ABLV criminal case confirmed over money-laundering suspicions

This past summer, the Latvian State Police opened a criminal case on possible money laundering schemes at ABLV Bank, which is currently undergoing a liquidation process.

Following a report by the Financial Crimes Enforcement Network (FinCEN) of the U.S. Department of the Treasury about ABLV Bank's involvement in international money laundering schemes, the State Police announced in February that it had started an inquiry.

On October 4, the State Police's spokeswoman Gita Gzibovska told the LETA newswire that the State Police's Economic Crime Unit on July 3 changed the status of the inquiry to a criminal case involving large-scale money laundering.

At the moment, no one has the status of suspect in the case.

As reported, the Finance and Capital Market Commission, acting on the instructions from the European Central Bank, ordered ABLV Bank to stop all payments as of February 19 following a report by FinCEN about ABLV Bank's involvement in international money laundering schemes and corruption.

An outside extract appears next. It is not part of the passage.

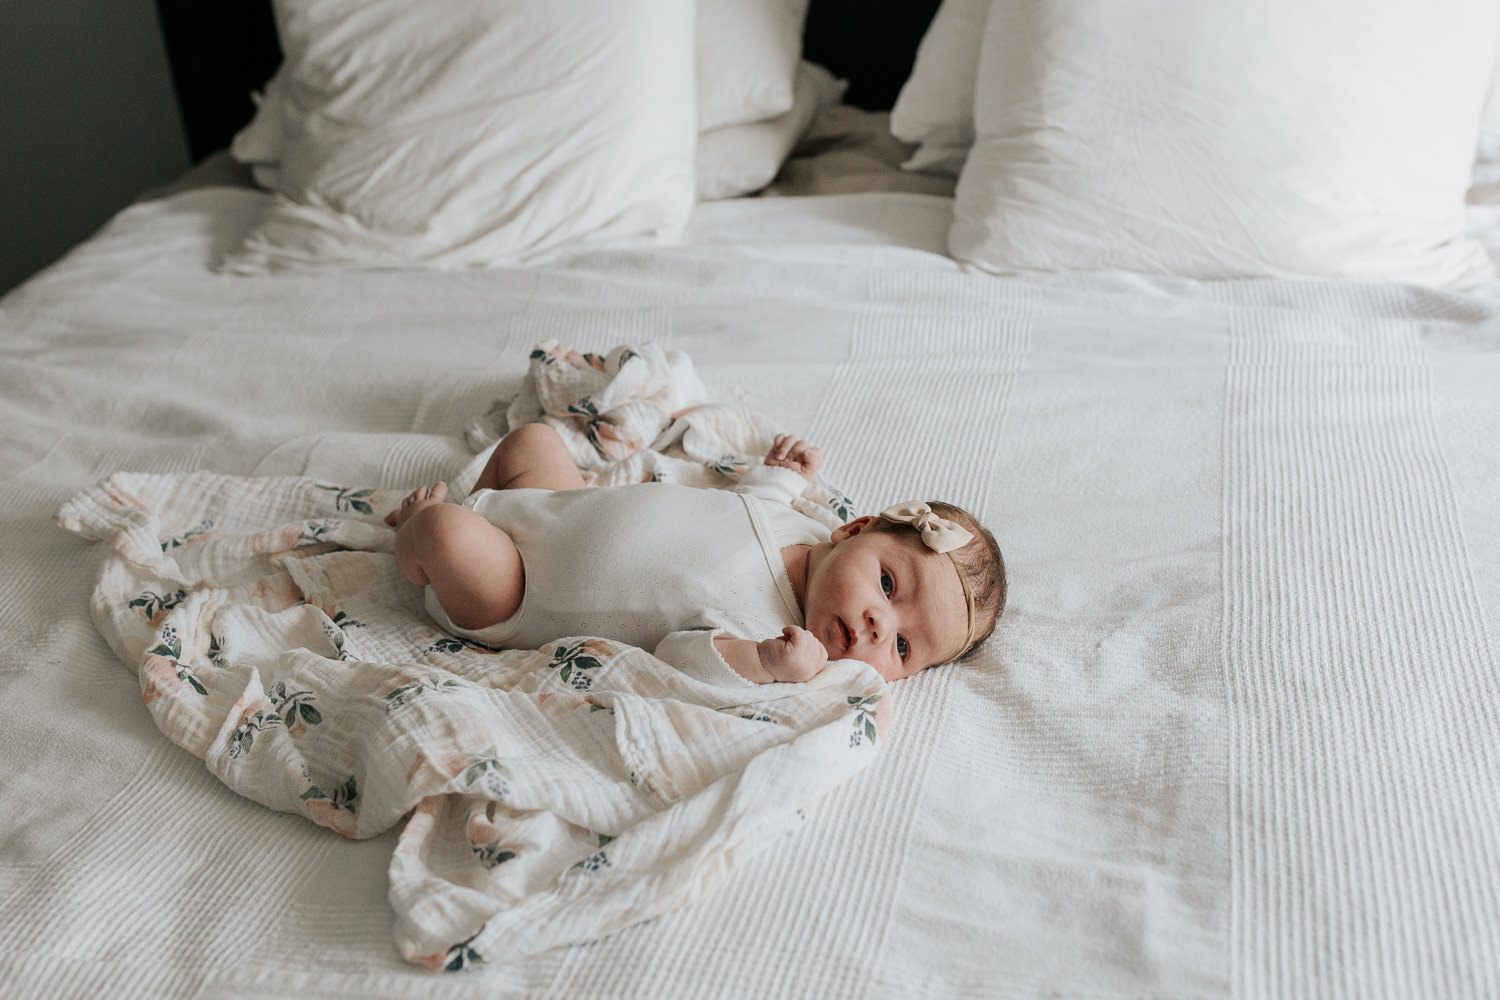 2 week old baby girl with dark hair in white onesie lying on swaddle with soft pink flowers, wearing bow headband awake on bed, looking at camera -​​​​​​​ GTA In-Home Photography

On February 24, the Finance and Capital Market Commission found an occurrence of unavailability of deposits at ABLV Bank.

Shareholders of ABLV Bank decided in February to start the liquidation process in order to protect interests of its clients and creditors. ABLV Bank believes that in this way it will be possible to ensure active protection of its customers, the bank said in a statement.

At the end of September 2017, ABLV Bank was the third largest bank in Latvia by assets. The bank's majority shareholders Olegs Fils, Ernests Bernis and Nika Berne own, directly and indirectly, 87.03 percent of the bank's share capital.